Reklama

Siły zbrojne

Dziewiczy lot Antonowa An-178. Pierwsze zamówienia już podpisane

  • Próby modelowe na basenach testowych są powszechnie stosowaną metodą sprawdzania nowych projektów jednostek pływających – fot. M.Dura

Nowy ukraiński samolot transportowy An-178 odbył swój dziewiczy lot niespełna trzy tygodnie po oficjalnej prezentacji. Przy tej okazji odbyło się również uroczyste podpisanie dwóch umów dotyczących zakupu 10 nowych samolotów oraz potencjalnej produkcji lub montażu w Chinach.  

An-178 wzbił się w niebo po raz pierwszy 7 maja 2015 roku i wykonał godzinny lot próbny, podczas którego zrealizowano wszystkie planowane zadania – jak poinformował producent - firma Antonow. Maszyna osiągnęła planowane parametry lotu.

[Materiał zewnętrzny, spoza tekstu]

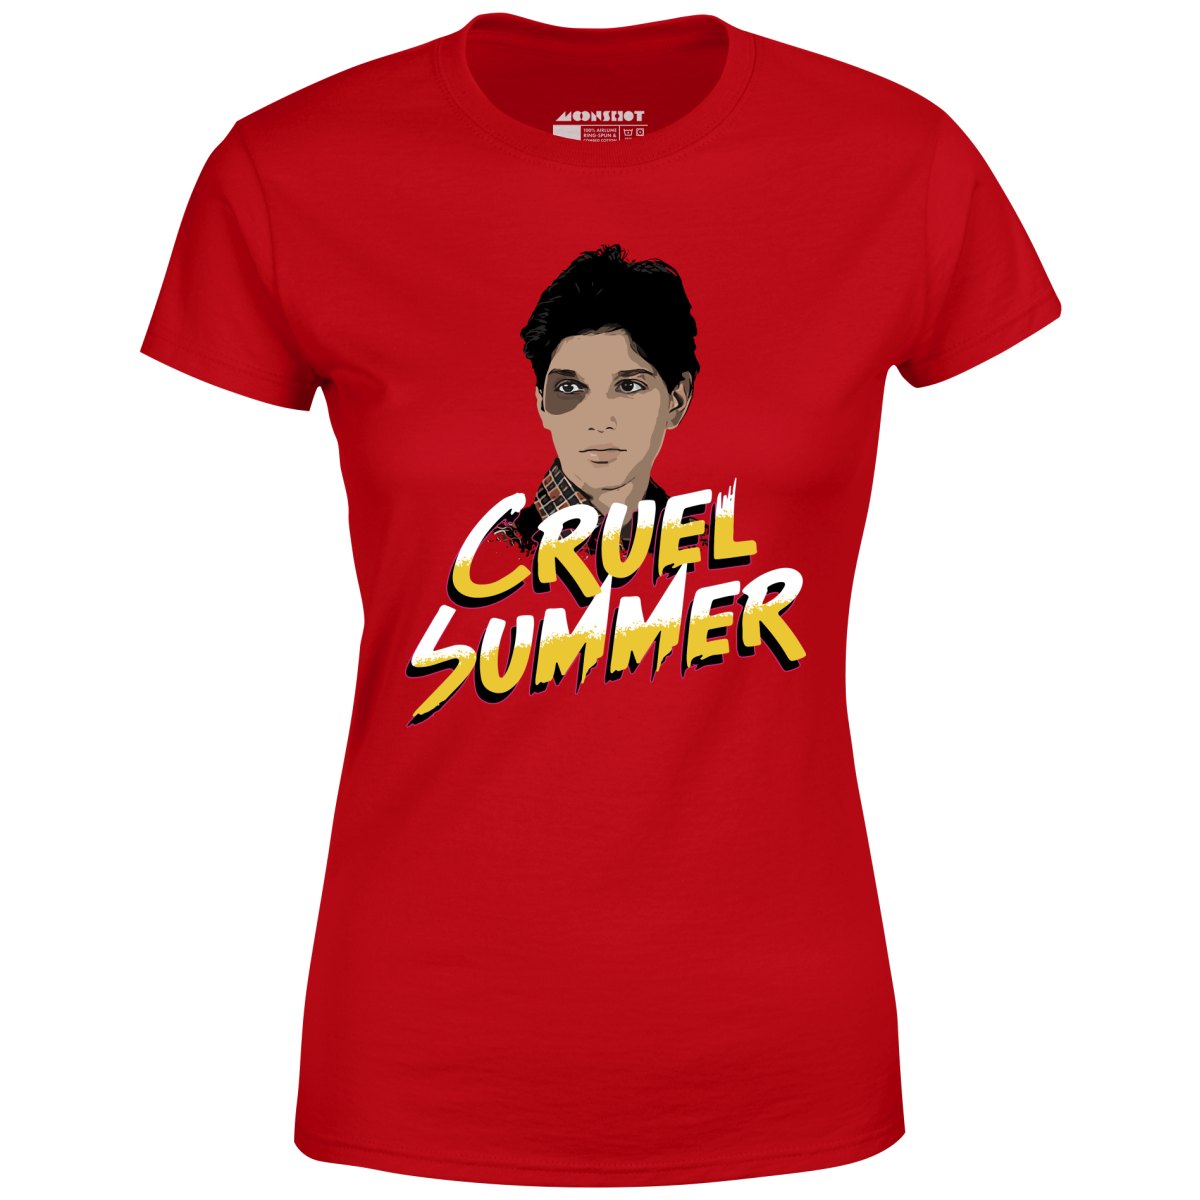 Cruel Summer - Women's T-Shirt

Przy okazji uroczystości związanych z tym istotnym dla projektu wydarzeniem, na podkijowskim lotnisku przedstawiciele koncernu Antonowa podpisali dwie umowy dotyczące produkcji samolotu An-178. Azerskie konsorcjum Silkway Group zakontraktowało zakup 10 maszyn tego typu dla linii Silkway Airways, która jest znaczącym, regionalnym przewoźnikiem cargo. Obok amerykańskich Boeingów firma używa też znacznej liczby transportowych maszyn IŁ-76 i An-12.

Koncern Antonow podpisał też wstępne porozumienie z chińską firmą Beijing A-Star Airspace and Technology, która chce nie tylko kupić dwa samoloty An-178, ale jest także potencjalnie zainteresowana ich montażem lub produkcja licencyjną na rynek chiński. Również obecni na uroczystości przedstawiciele ministerstwa obrony Ukrainy poinformowali, że zamówienie na samoloty An-178 zostanie złożone zaraz po zakończeniu testów.

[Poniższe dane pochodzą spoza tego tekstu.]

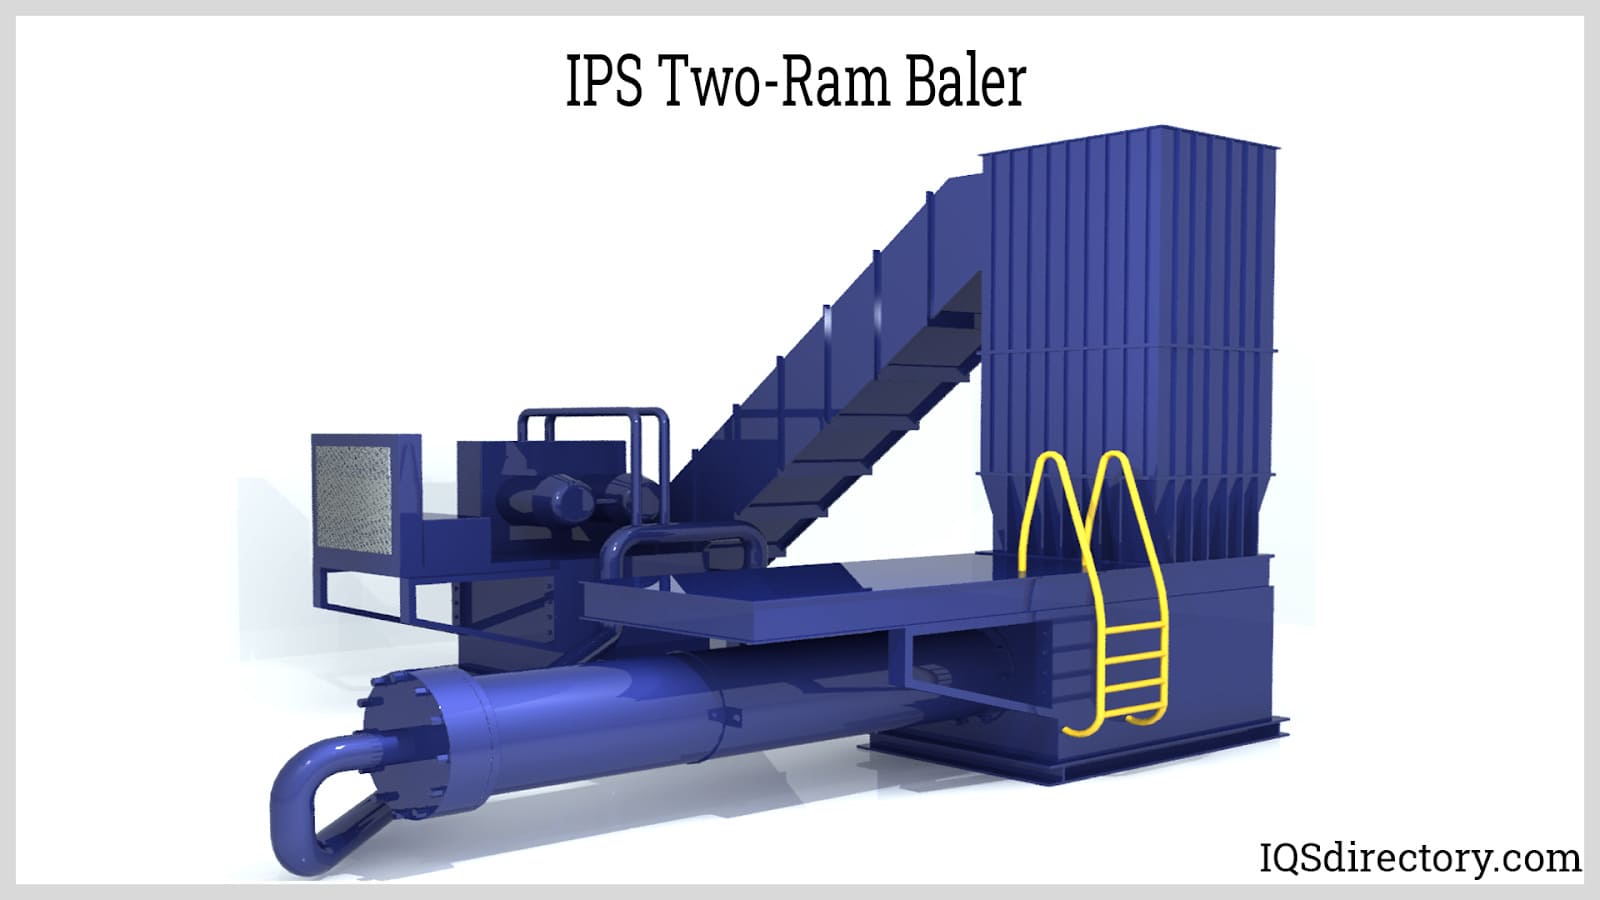 IPS Two-Ram Baler

An-178 powstał na bazie udanej rodziny samolotów pasażerskich An-148/158 jako samolot transportowy, mogący przewozić ładunki wielkogabarytowe, między innymi standardowe kontenery morskie, 90 żołnierzy z pełnym wyposażeniem lub 80 spadochroniarzy. Pod względem przewożonych ładunków An-178 znajduje się pomiędzy C-27 Spartan czy An-74 a znacznie większymi maszynami, takimi jak C-130, An-70 czy A400M. 

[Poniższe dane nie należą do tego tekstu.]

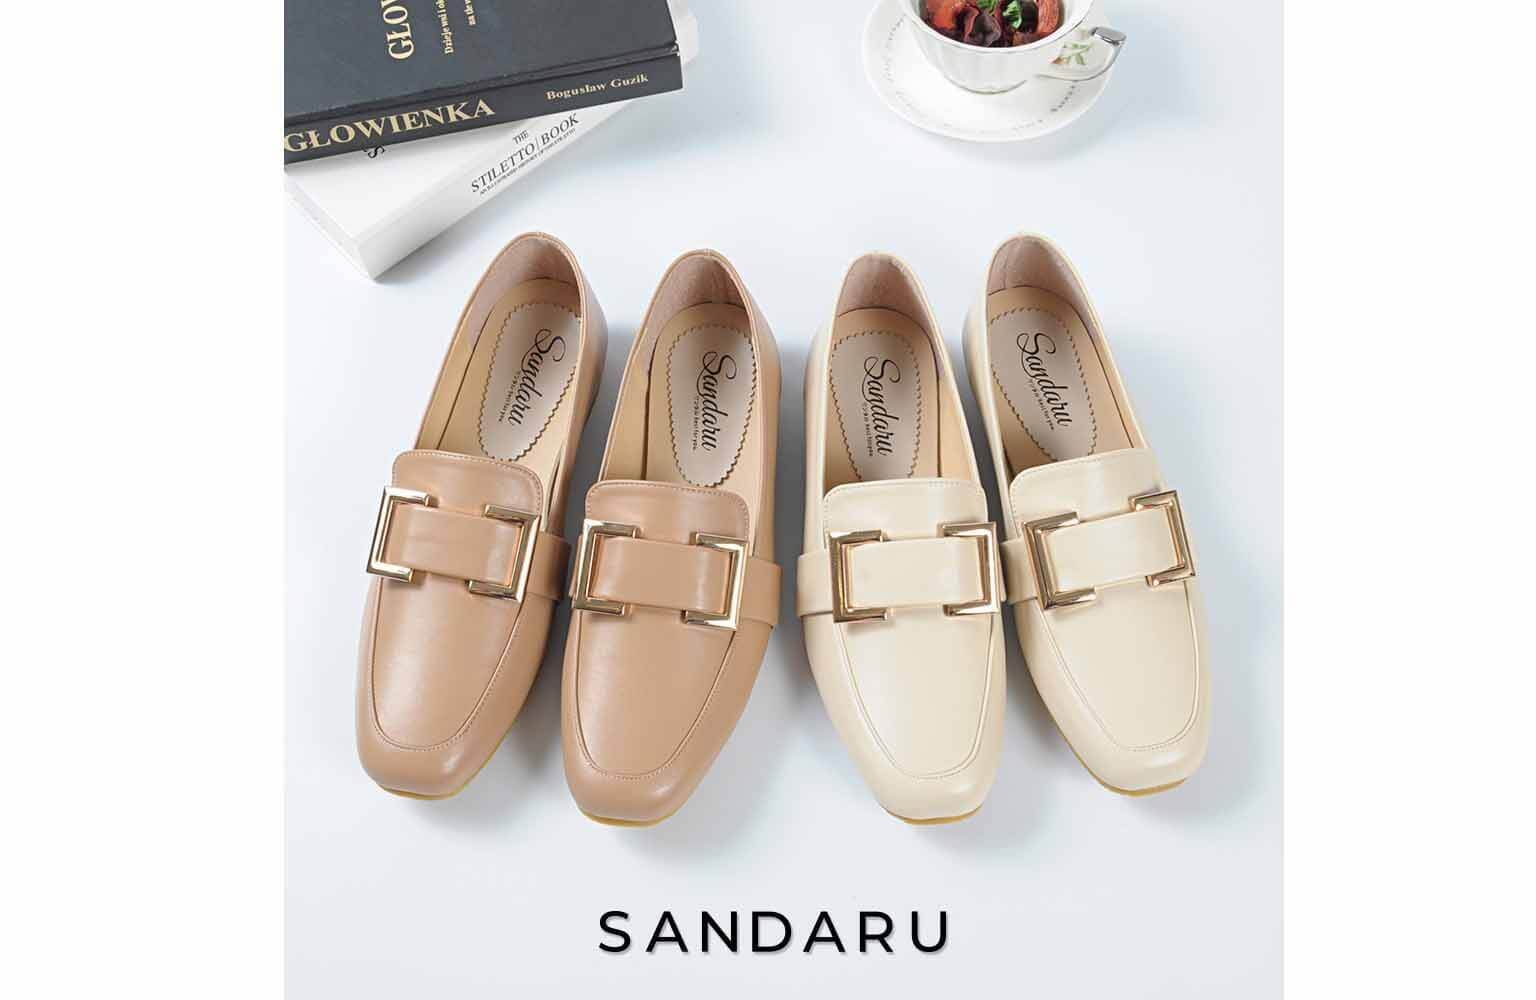 山打努SANDARU女鞋因應客戶需求推出深受女性喜愛的百搭樂福鞋

Z maksymalnym ładunkiem 18 ton maszyna może przelecieć 1000 km, natomiast 4000 km to zasięg z ładunkiem 10 ton. Prędkość maksymalna wynosi 825 km/h. An-178 posiada możliwość krótkiego startu i lądowania na nieprzygotowanych lądowiskach. Cena samolotu szacowana jest na 20-25 mln dolarów, zależnie od konfiguracji i użytej awioniki. Jest to cena dwukrotnie mniejsza niż w wypadku zachodnich maszyn o podobnych możliwościach.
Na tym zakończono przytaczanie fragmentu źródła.